• _WHAT IS BEING ASKED_
Please write out the data below once more, exactly as it stands.

(Entries taken from a collection)
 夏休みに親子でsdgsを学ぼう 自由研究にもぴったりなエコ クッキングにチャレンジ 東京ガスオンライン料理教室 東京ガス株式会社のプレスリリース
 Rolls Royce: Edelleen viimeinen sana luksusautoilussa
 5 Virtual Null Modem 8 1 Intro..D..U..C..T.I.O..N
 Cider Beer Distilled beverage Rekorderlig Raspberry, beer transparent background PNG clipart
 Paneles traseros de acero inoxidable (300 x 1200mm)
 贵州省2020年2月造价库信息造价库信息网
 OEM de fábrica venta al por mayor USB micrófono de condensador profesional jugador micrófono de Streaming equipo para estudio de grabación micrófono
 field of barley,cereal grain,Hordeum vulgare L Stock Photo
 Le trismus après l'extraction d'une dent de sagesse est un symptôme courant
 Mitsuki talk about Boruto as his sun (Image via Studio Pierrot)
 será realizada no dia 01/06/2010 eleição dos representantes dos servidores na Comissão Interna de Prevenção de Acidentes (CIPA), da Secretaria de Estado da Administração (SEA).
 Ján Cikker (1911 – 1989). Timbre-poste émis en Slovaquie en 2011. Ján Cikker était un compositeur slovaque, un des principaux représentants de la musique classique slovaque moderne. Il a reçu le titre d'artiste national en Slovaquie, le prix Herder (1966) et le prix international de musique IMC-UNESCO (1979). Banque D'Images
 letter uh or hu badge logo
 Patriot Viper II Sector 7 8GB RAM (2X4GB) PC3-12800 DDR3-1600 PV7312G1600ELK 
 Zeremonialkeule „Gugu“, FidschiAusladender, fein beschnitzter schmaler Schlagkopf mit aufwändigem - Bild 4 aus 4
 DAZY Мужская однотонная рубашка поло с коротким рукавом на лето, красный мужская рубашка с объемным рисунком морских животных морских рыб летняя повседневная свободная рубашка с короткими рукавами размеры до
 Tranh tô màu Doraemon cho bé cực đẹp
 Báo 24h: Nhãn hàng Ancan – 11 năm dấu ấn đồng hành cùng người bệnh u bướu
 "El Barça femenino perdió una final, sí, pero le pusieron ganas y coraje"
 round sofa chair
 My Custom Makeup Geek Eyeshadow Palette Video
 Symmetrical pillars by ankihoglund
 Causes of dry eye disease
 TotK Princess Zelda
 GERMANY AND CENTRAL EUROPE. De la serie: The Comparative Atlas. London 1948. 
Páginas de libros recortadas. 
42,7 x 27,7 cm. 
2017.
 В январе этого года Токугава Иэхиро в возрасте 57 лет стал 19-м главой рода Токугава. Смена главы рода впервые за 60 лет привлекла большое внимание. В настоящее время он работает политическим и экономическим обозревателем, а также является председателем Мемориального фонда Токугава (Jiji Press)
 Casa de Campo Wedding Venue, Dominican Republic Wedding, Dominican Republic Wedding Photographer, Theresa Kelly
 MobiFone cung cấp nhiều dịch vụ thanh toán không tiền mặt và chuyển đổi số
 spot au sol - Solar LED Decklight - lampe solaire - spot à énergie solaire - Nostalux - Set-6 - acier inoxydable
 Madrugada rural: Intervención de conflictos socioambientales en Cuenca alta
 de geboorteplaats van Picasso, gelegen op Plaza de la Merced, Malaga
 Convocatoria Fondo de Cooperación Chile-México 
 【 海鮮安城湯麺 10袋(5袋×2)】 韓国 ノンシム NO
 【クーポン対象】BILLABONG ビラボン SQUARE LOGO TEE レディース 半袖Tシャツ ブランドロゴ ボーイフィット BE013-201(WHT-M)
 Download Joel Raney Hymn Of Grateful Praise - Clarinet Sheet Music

• _RESPONSE_
 夏休みに親子でsdgsを学ぼう 自由研究にもぴったりなエコ クッキングにチャレンジ 東京ガスオンライン料理教室 東京ガス株式会社のプレスリリース
 Rolls Royce: Edelleen viimeinen sana luksusautoilussa
 5 Virtual Null Modem 8 1 Intro..D..U..C..T.I.O..N
 Cider Beer Distilled beverage Rekorderlig Raspberry, beer transparent background PNG clipart
 Paneles traseros de acero inoxidable (300 x 1200mm)
 贵州省2020年2月造价库信息造价库信息网
 OEM de fábrica venta al por mayor USB micrófono de condensador profesional jugador micrófono de Streaming equipo para estudio de grabación micrófono
 field of barley,cereal grain,Hordeum vulgare L Stock Photo
 Le trismus après l'extraction d'une dent de sagesse est un symptôme courant
 Mitsuki talk about Boruto as his sun (Image via Studio Pierrot)
 será realizada no dia 01/06/2010 eleição dos representantes dos servidores na Comissão Interna de Prevenção de Acidentes (CIPA), da Secretaria de Estado da Administração (SEA).
 Ján Cikker (1911 – 1989). Timbre-poste émis en Slovaquie en 2011. Ján Cikker était un compositeur slovaque, un des principaux représentants de la musique classique slovaque moderne. Il a reçu le titre d'artiste national en Slovaquie, le prix Herder (1966) et le prix international de musique IMC-UNESCO (1979). Banque D'Images
 letter uh or hu badge logo
 Patriot Viper II Sector 7 8GB RAM (2X4GB) PC3-12800 DDR3-1600 PV7312G1600ELK 
 Zeremonialkeule „Gugu“, FidschiAusladender, fein beschnitzter schmaler Schlagkopf mit aufwändigem - Bild 4 aus 4
 DAZY Мужская однотонная рубашка поло с коротким рукавом на лето, красный мужская рубашка с объемным рисунком морских животных морских рыб летняя повседневная свободная рубашка с короткими рукавами размеры до
 Tranh tô màu Doraemon cho bé cực đẹp
 Báo 24h: Nhãn hàng Ancan – 11 năm dấu ấn đồng hành cùng người bệnh u bướu
 "El Barça femenino perdió una final, sí, pero le pusieron ganas y coraje"
 round sofa chair
 My Custom Makeup Geek Eyeshadow Palette Video
 Symmetrical pillars by ankihoglund
 Causes of dry eye disease
 TotK Princess Zelda
 GERMANY AND CENTRAL EUROPE. De la serie: The Comparative Atlas. London 1948. 
Páginas de libros recortadas. 
42,7 x 27,7 cm. 
2017.
 В январе этого года Токугава Иэхиро в возрасте 57 лет стал 19-м главой рода Токугава. Смена главы рода впервые за 60 лет привлекла большое внимание. В настоящее время он работает политическим и экономическим обозревателем, а также является председателем Мемориального фонда Токугава (Jiji Press)
 Casa de Campo Wedding Venue, Dominican Republic Wedding, Dominican Republic Wedding Photographer, Theresa Kelly
 MobiFone cung cấp nhiều dịch vụ thanh toán không tiền mặt và chuyển đổi số
 spot au sol - Solar LED Decklight - lampe solaire - spot à énergie solaire - Nostalux - Set-6 - acier inoxydable
 Madrugada rural: Intervención de conflictos socioambientales en Cuenca alta
 de geboorteplaats van Picasso, gelegen op Plaza de la Merced, Malaga
 Convocatoria Fondo de Cooperación Chile-México 
 【 海鮮安城湯麺 10袋(5袋×2)】 韓国 ノンシム NO
 【クーポン対象】BILLABONG ビラボン SQUARE LOGO TEE レディース 半袖Tシャツ ブランドロゴ ボーイフィット BE013-201(WHT-M)
 Download Joel Raney Hymn Of Grateful Praise - Clarinet Sheet Music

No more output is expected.